Long Lifespan – some organisms at these depths have superior metabolism, homeostasis, immune system, or lack of predators (e.g. rattails, orange roughy).
Potential D&D 5e Monster: Aboleth.

Pronounced Mouth & Teeth – species who can swallow creatures larger than themselves in one bite, or who have giant fangs (e.g. gulpers, fangtooth fish).
Potential D&D 5e Monster: Giant Shark.

Rapid Growth – accelerated bodily development. (e.g. giant tube worms).
Potential D&D 5e Monster: Hydra.
PART 3: PROTRUSIONS & SLOPES
Deep sea protrusion landforms like Seamounts can support dense populations compared to neighboring areas, due to nutrient-rich waters sliding up from the ocean floor. Includes species like cold-water corals, sponges, sea anemones, and sea fans.

Abyssal Fan / Deep Sea Fan / Underwater Delta / Submarine Fan – underwater geological structures associated with large-scale sediment deposition, similar to alluvial fans. Formed by turbidity currents, underwater landslides along continental shelves.
[Omens, Overlooks, Passageways, Battlegrounds]

Abyssal Hill – a small hill that rises from the floor of an abyssal plain, with sharp edges. Extremely common.
[Settlements, Overlooks, Abyss, Battlegrounds]

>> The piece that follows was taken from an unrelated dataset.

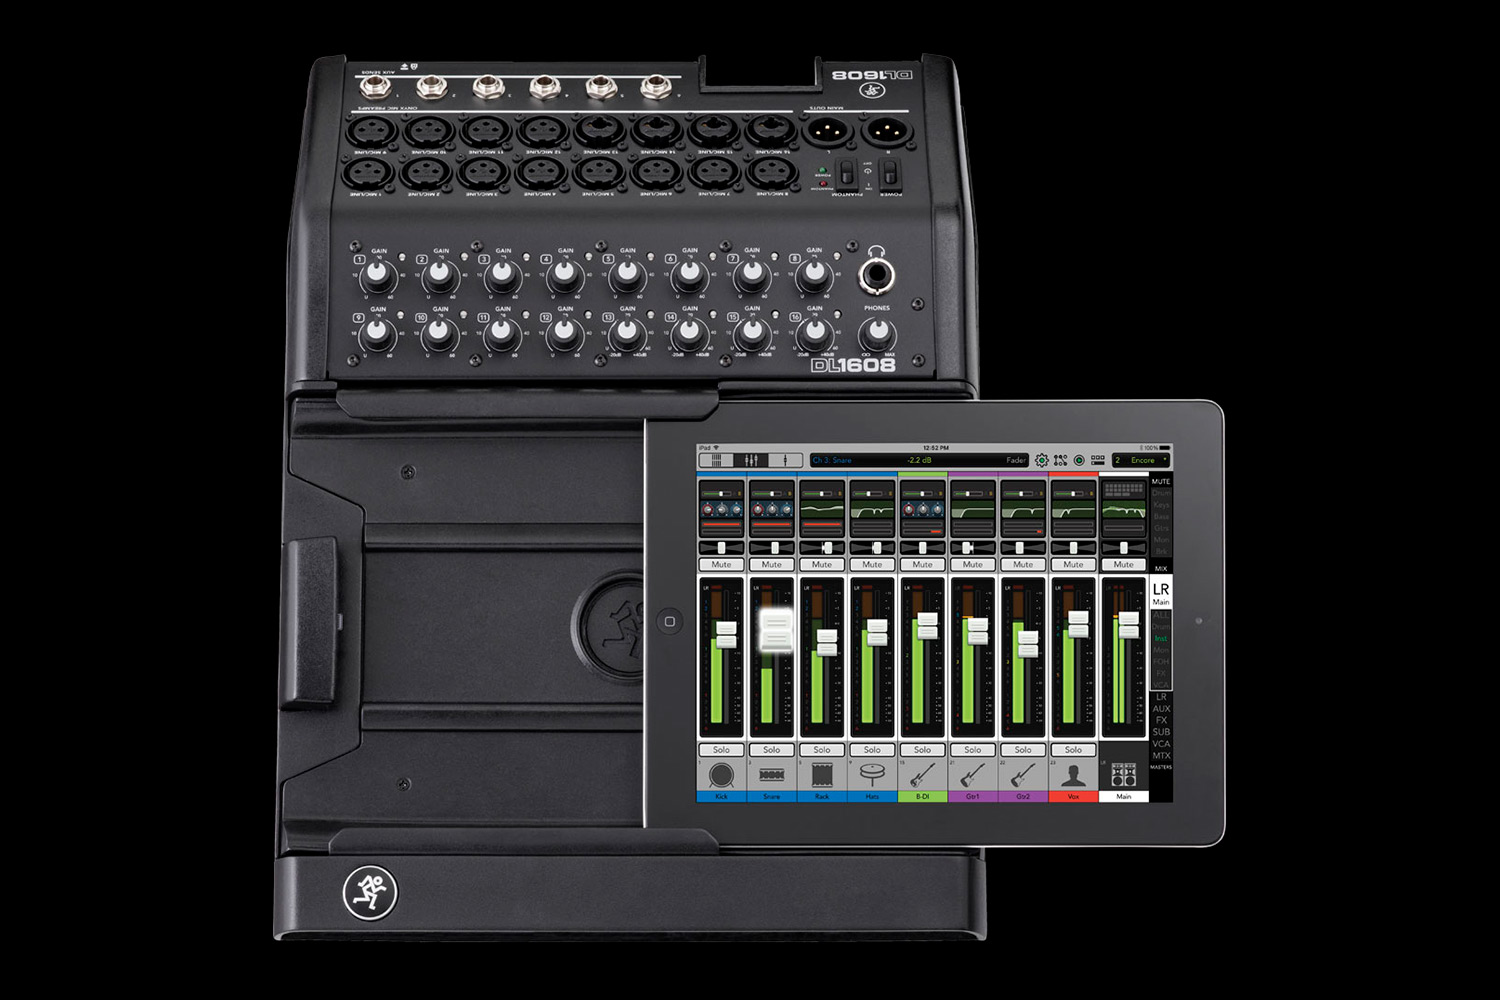 DL1608 Wireless Digital Mixer | DL Series | Mixers | MACKIE

Oceanic Ridge / Mid-Ocean Ridge / Rise – an underwater mountain system formed by plate tectonic spreading, as magma swells and dries.
[Settlements, Overlooks, Battlegrounds]

Seamount – a mountain rising from the ocean seafloor that does not reach sea level; often an extinct volcano.
[Settlements, Omens, Passageways, Abyss]

Aseismic Ridge – a chain of seamounts under the ocean created by a hotspot under the Earth’s crust.
[Settlements, Omens, Passageways, Abyss]

Tablemount / Guyot – a seamount with a flat, eroded summit which has subsided and sunk below sea level.
[Settlements, Omens, Passageways, Abyss]
PART 4: EXPANSES

Abyssal Plain – a large, flat, smooth area on the deep ocean floor. Caused by tectonic spreading of seafloor and lower oceanic crust melt.
[Settlements, Passageways, Abyss, Battlegrounds]

Oceanic Basin – large geologic basins below sea level.
[Settlements, Passageways, Abyss, Battlegrounds]

Oceanic Plateau / Submarine Plateau – a relatively flat submarine region rising well above ambient seabed level, with one or more relatively steep sides. Produced by volcanic activity.
[Settlements, Passageways, Abyss, Battlegrounds]
PART 5: DEPRESSIONS

Oceanic Gap / Rift – a steep-sided opening through a submarine mountain ridge.
[Settlements, Omens, Overlooks, Passageways, Abyss]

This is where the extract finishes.